Something that McDonalds can also talk about. Steve New wrote an article for HBR called McDonalds and the challenges of a modern supply chain where he uses McDonalds’ woes to offer three lessons about supply chain transparency:
Transparency needs a long game; reputational problems don’t mend fast. Few firms have faced such reputational challenges as McDonald’s. In the 1990s, an ill-judged legal case, the McLibel trial, saw the corporation acting against a tiny environmental group in one of the longest civil cases in UK history, with terrible reputational consequences. The movies Super Size Me and Fast Food Nation cemented the view that the corporation was complicit in promoting bad health, bad environmental practice, and food that was just, well, disgusting.Faced with these challenges, McDonald’s has not been idle. It has taken on its critics and made substantial changes to both its practices and its communication. Indeed, in the UK, the official government review of the horsemeat scandal, the Elliot Review, singles out the McDonald’s supply chain for praise. In the United States, a series of documentary-style promo films with celebrity presenter Grant Imahara have tried to give customers a clear and unvarnished account of sourcing and production processes. You may still not like the firm or its products, but you can’t deny it has made serious efforts.
The trouble is bad reputations aren’t lost that easily. A generation of cynical middle-class customers have already decided that McDonald’s is a tarnished brand. Supply-chain transparency is that kind of challenge: It’s rarely the top thing on consumers’ minds, but it is an issue that sticks in the imagination. And when newer, less tarnished players like Chipotle arrive, consumers can tacitly exercise the prejudices and cross the street. The lesson for other firms: If you have problems in your supply chain, don’t let the critics get there first.
Global operations need consistent global standards.
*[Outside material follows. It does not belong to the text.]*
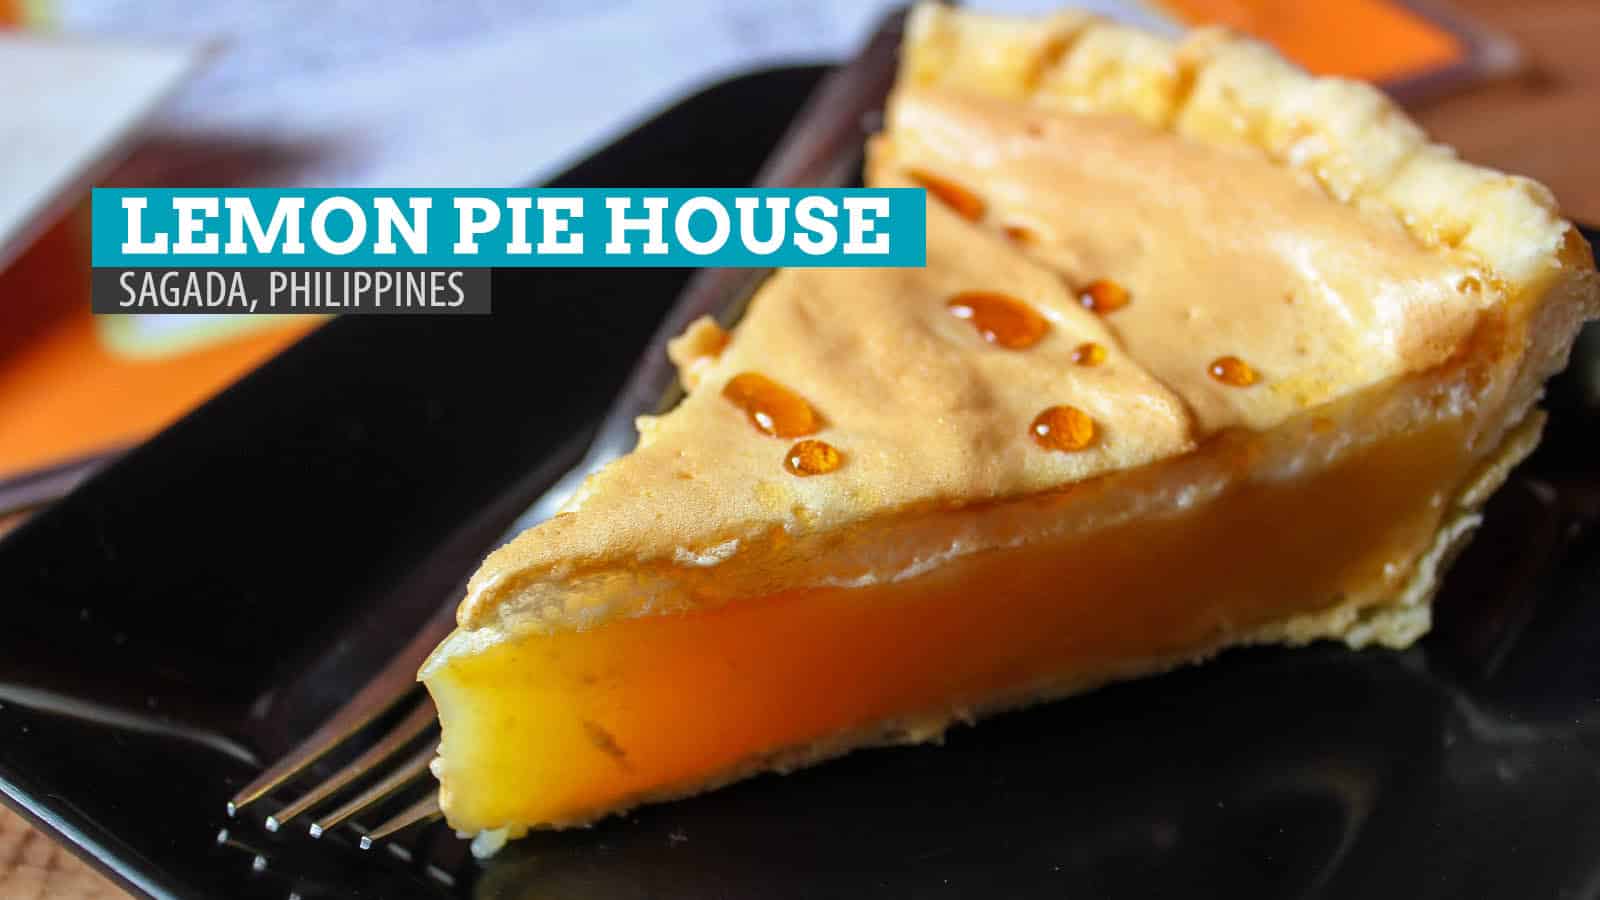 柠檬派之家:菲律宾Sagada的美食之家
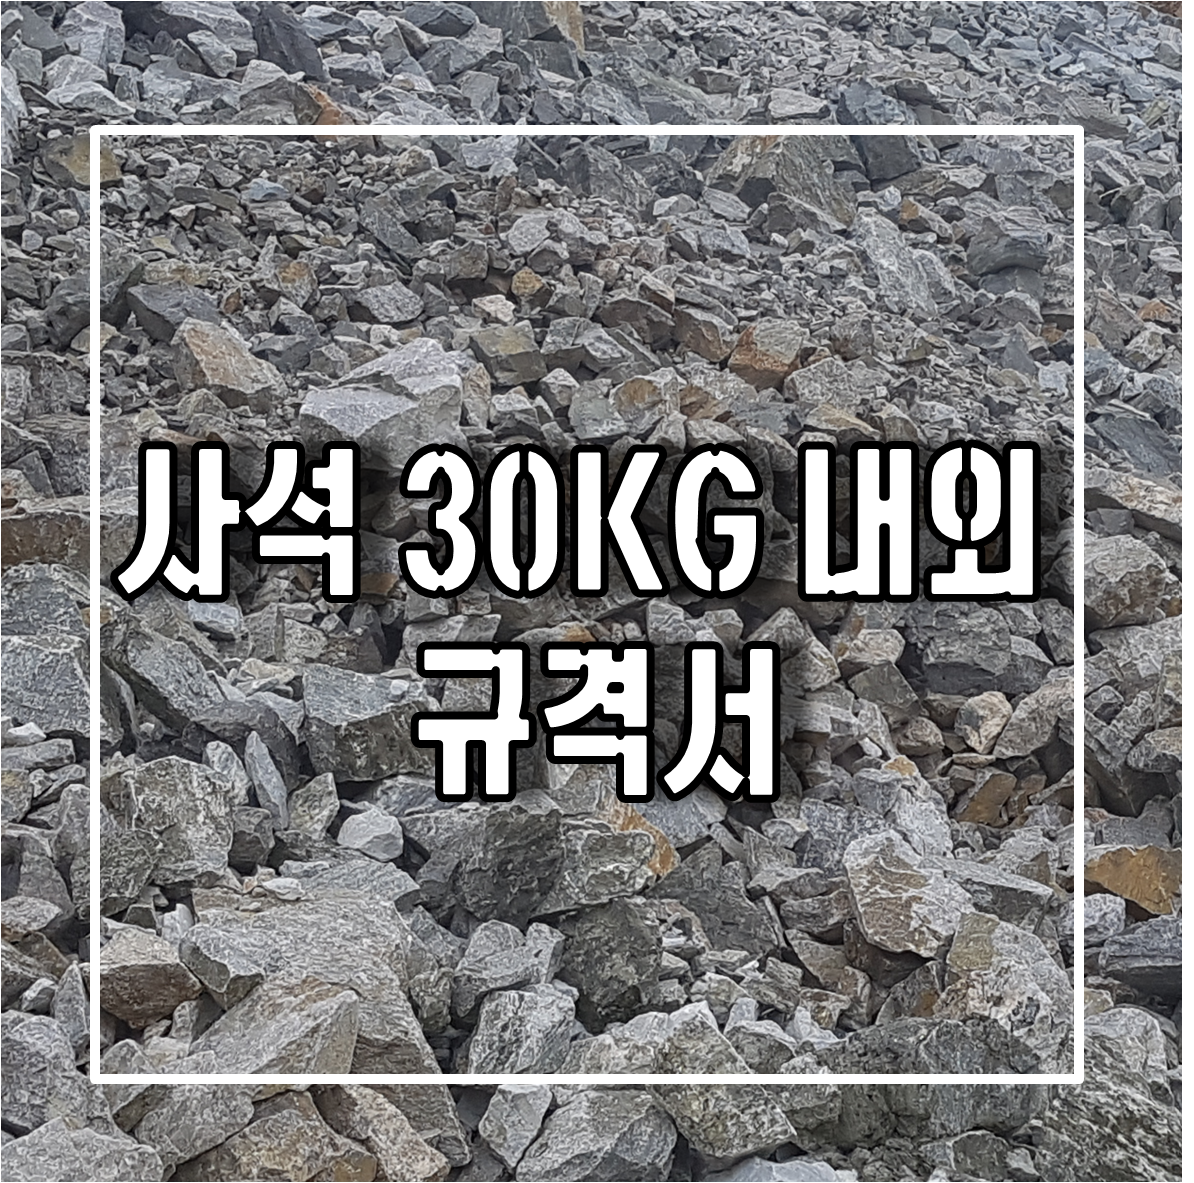 토목용 자재인 사석 30KG 내외 규격서

Despite the great strides that McDonald’s has made in some markets, its progress and practices have not been uniform. Last year McDonalds — and other major food companies — were plunged into a food safety scandal in China. This is a case of your defense being as strong as your weakest point. Bad headlines about foreign operations tell consumers, “This company still can’t be trusted.” And such bad news doesn’t just reduce the impact of your good work elsewhere; it means that its credibility is fundamentally undermined. So firms need to be cautioned: Supply-chain transparency initiatives are not a normal program to be rolled out region by region.
Sometimes transparency has paradoxical consequences
Let’s return to those videos with Grant Imahara. “Look,” they declare, “it’s real wholesome meat!” Imahara holds up great chunks of flesh from the conveyor as if to say, “Appetizing!” But even hard-core carnivores like me blanch queasily at this amount of dead animal. OK, you’ve convinced me there is no pink slime, but you’ve reminded me that this whole process is kind of horrific. That’s one of the curses of transparency of provenance: I might now approve of your food-safety practices, but you’ve just reminded me of things that, deep down, I don’t want to know. This is a paradox that firms in a wide range of industries will inevitably need to grapple with. (Question: What does an unethical shirt factory look like to a naïve consumer? Answer: Appalling. Question: What does an ethical shirt factory look like? Answer: In truth, still pretty appalling.)
Both stories detail very different reasons for supply chain transparency being business critical and although very different examples they both come down to two key areas we must get right:
- Relationships
- Trust
I for one am glad about that because they were the two things I loved about supply chain management in the 1990’s and they are well overdue a comeback.